The severity of Cosentyx adverse events is not described in the information provided here. To determine “how severe” they were, you would typically look at the specific safety reporting in the Cosentyx label and clinical trial adverse-event tables, including whether events were classified as mild, moderate, severe, serious, or life-threatening.
What does “severe” usually mean for Cosentyx adverse events?
In drug safety reporting, terms can differ:
- “Severe” often means the intensity (for example, severe pain or severe rash).
- “Serious” usually refers to clinical outcome (for example, hospitalization, disability, life-threatening events, or death), regardless of intensity.

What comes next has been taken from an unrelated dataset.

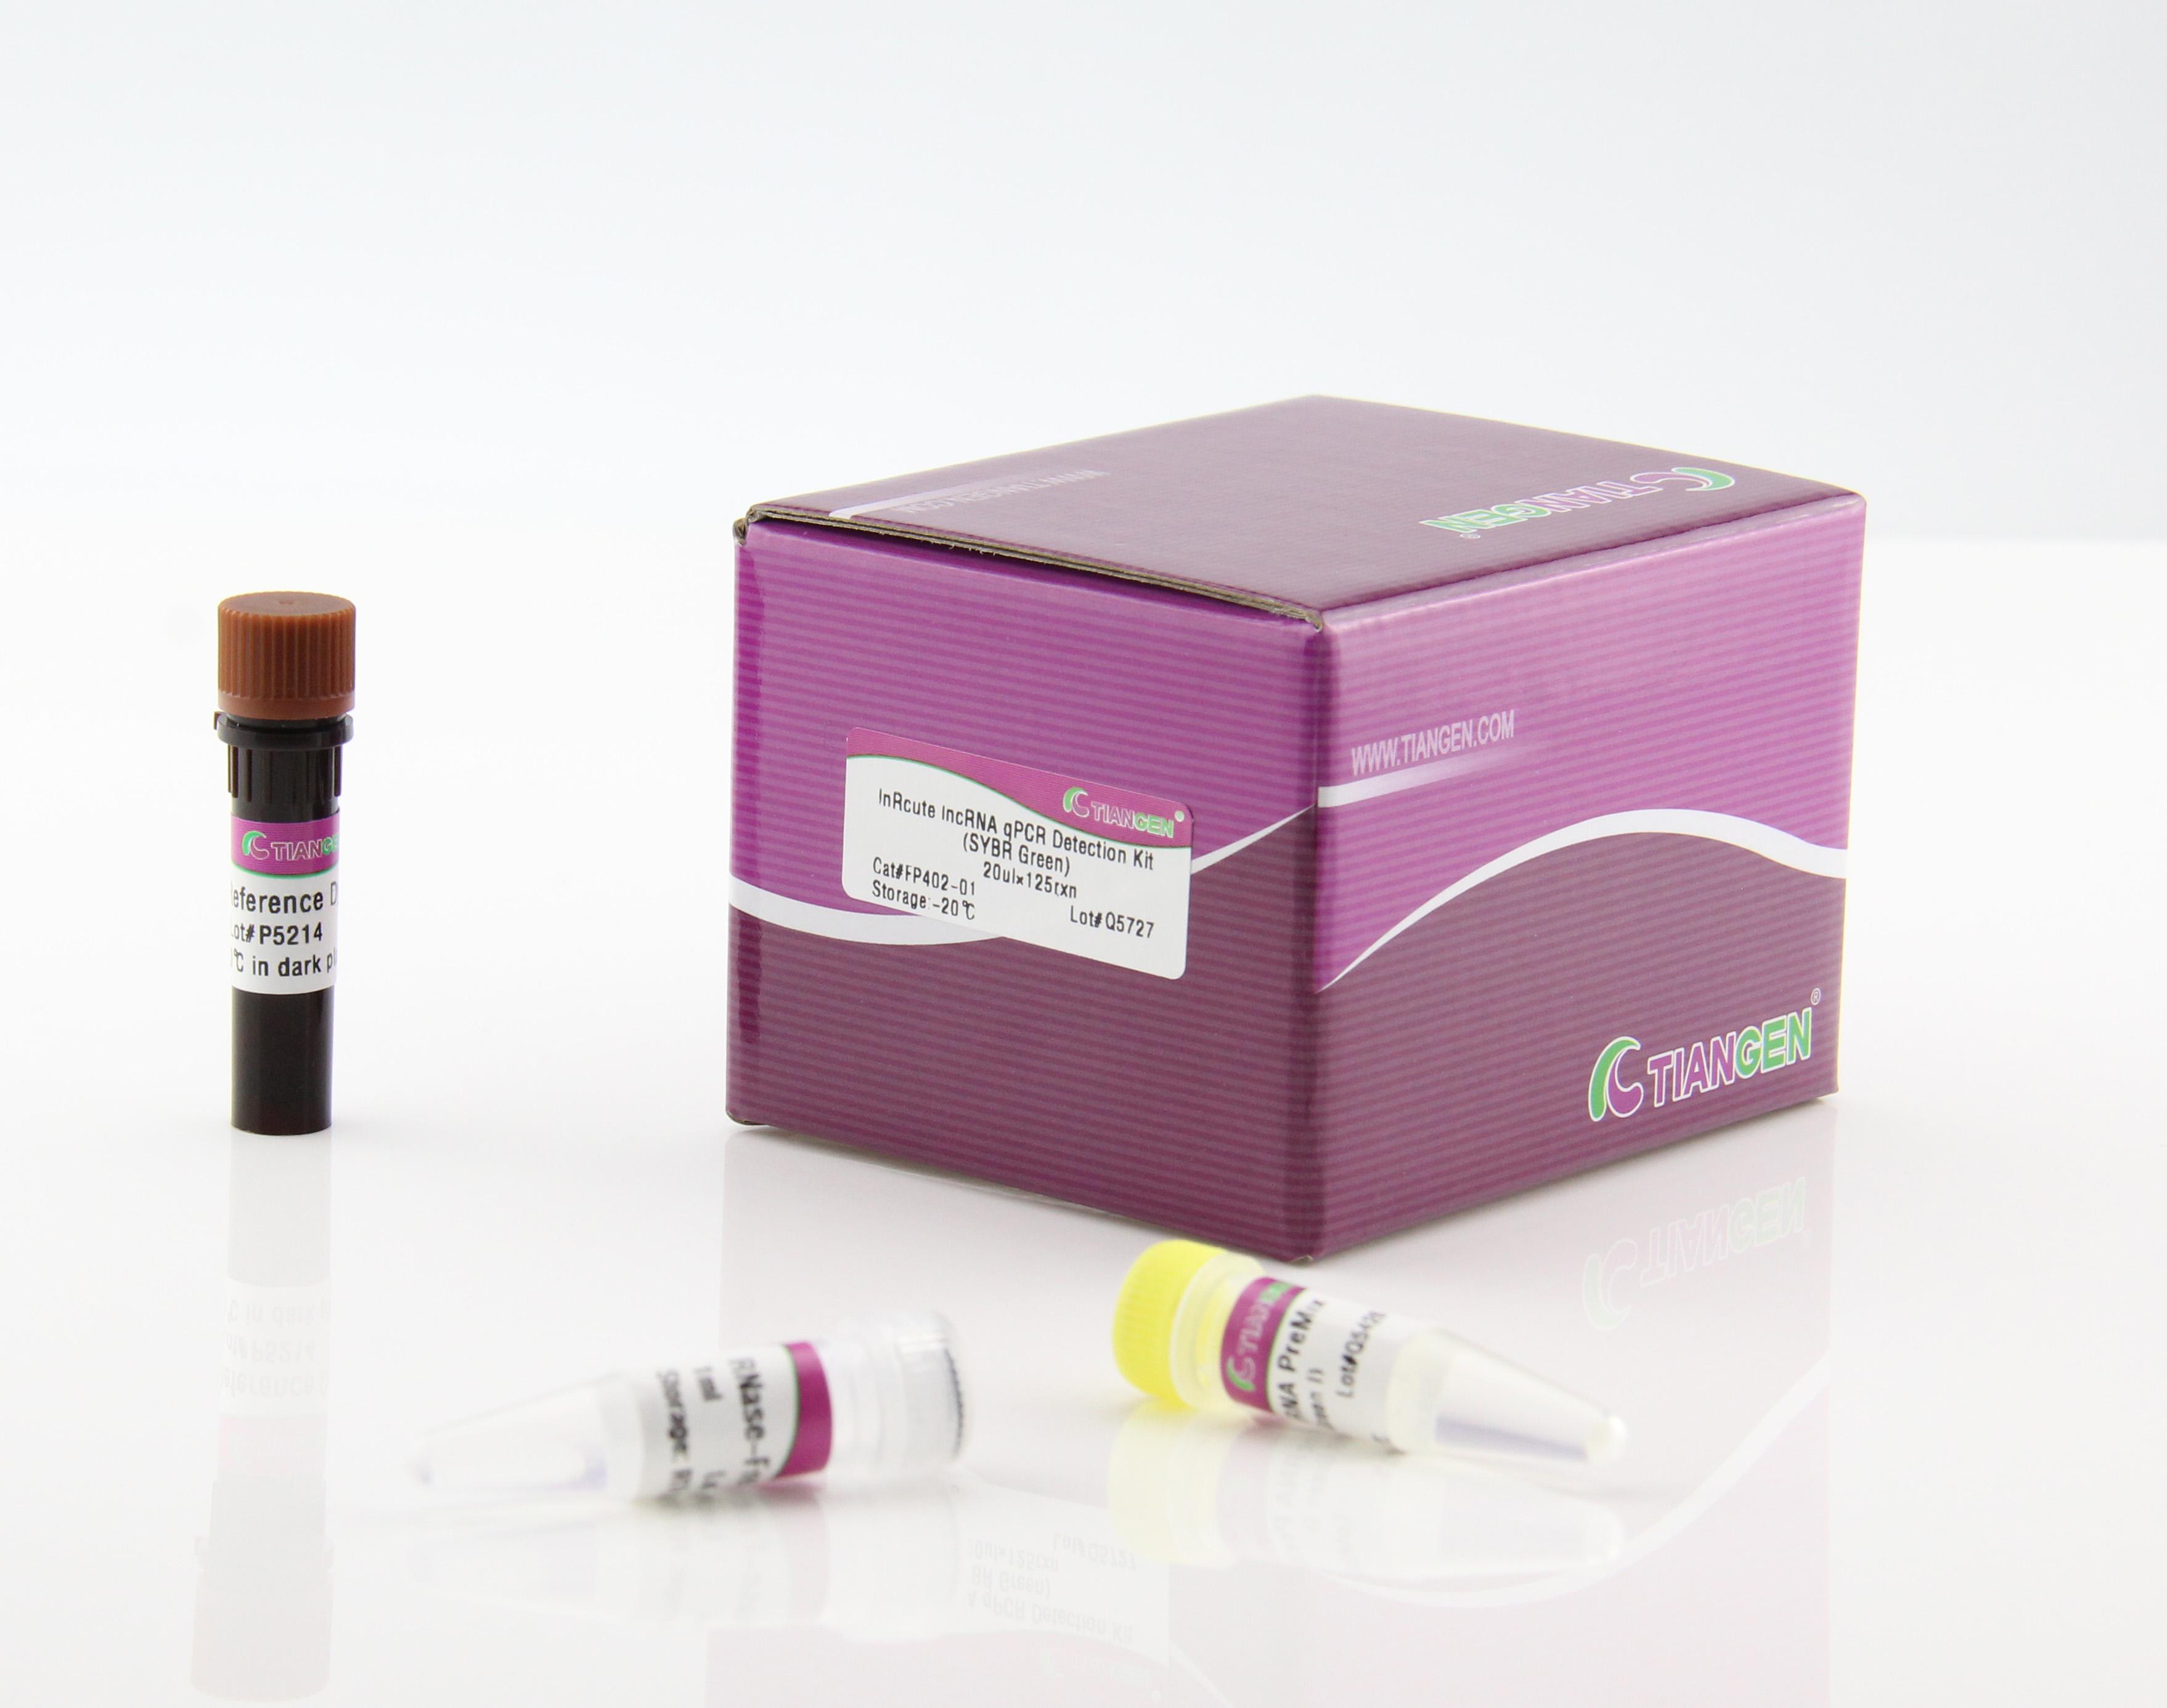 lnRcute lncRNA荧光定量检测试剂盒(SYBR Green) (FP402)

Because “severe” can be used in either way depending on the source, the exact answer depends on the document you’re using (FDA prescribing information vs. a study report vs. a post-marketing database).
Where to check the exact severity numbers for Cosentyx
The most reliable place to find severity breakdowns is:
- the Cosentyx prescribing information (adverse reactions section and clinical trial safety tables), and
- any FDA review documents tied to that label.
If you share which Cosentyx adverse event you mean (or paste the text/source you’re looking at), I can help interpret whether it was reported as severe, serious, or both, and summarize the reported frequency and outcomes from that source.